Tuesday, February 27, 2007

The Assault on Freedoms


Many of us see Britain as the birthplace of our modern civil rights and freedoms. It all began with Magna Carta Libertatum, the great charter of 1215, that first provided the King could be subject to the Rule of Law. From that evolved the English Common Law that most of the English-speaking world, America included, embraces today.


The first decade of the third millenia may eventually become known as the retreat from civil liberties, civil rights. Notions such as secret surveillance, indefinite detention without charge or trial, and the demise of habeus corpus mark the evolution of a relationship between governments and their peoples that would have been considered outrageous just a decade ago. Australia, Britain, the United States and even Canada have used the war on terror as a pretext to strip away the constraints on government.

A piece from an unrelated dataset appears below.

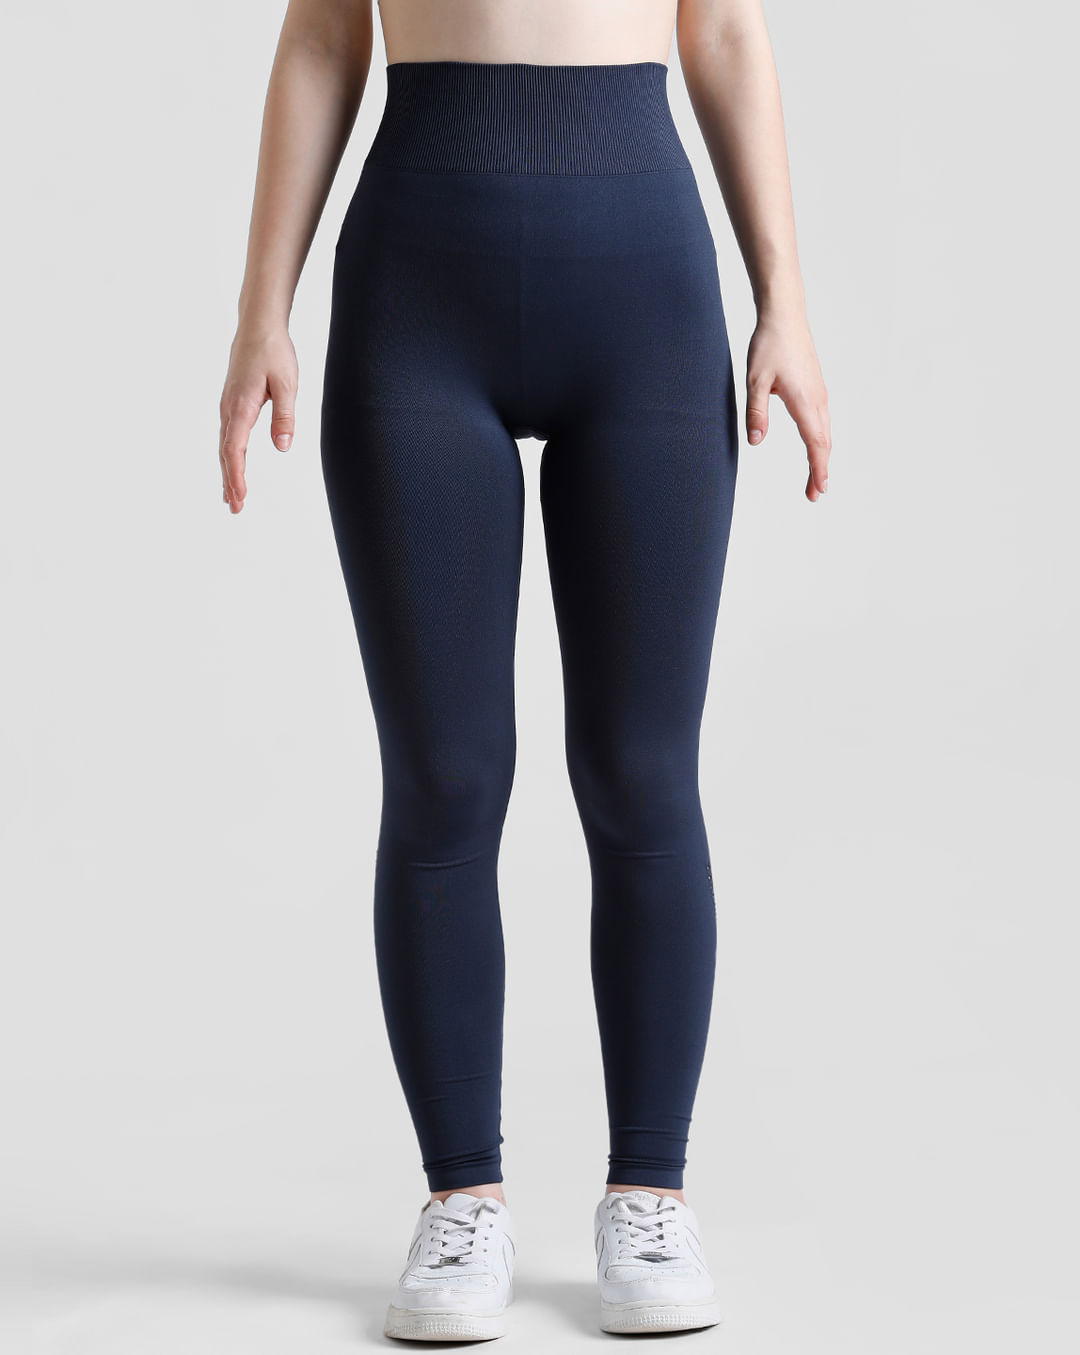 PLAY Navy Blue High Rise Seamless Training Tights

Now the Brits are toying with the idea of abandoning the principle of "reasonable cause" to allow UK police to stop motorists at random to demand breath samples. This would gut both the right to privacy and the right to be protected against unreasonable searches by the state.

Parliamentary Advisory Council for Transport Safety director Rob Gifford said the move would be a deterrent. "Giving police this power will make many people think they have a greater chance of being caught."

This smacks of trampling on historic and fundamental rights for the sake of convenience. Rights out never to be abridged except when that is absolutely necessary to achieve a critical purpose and there is no other solution.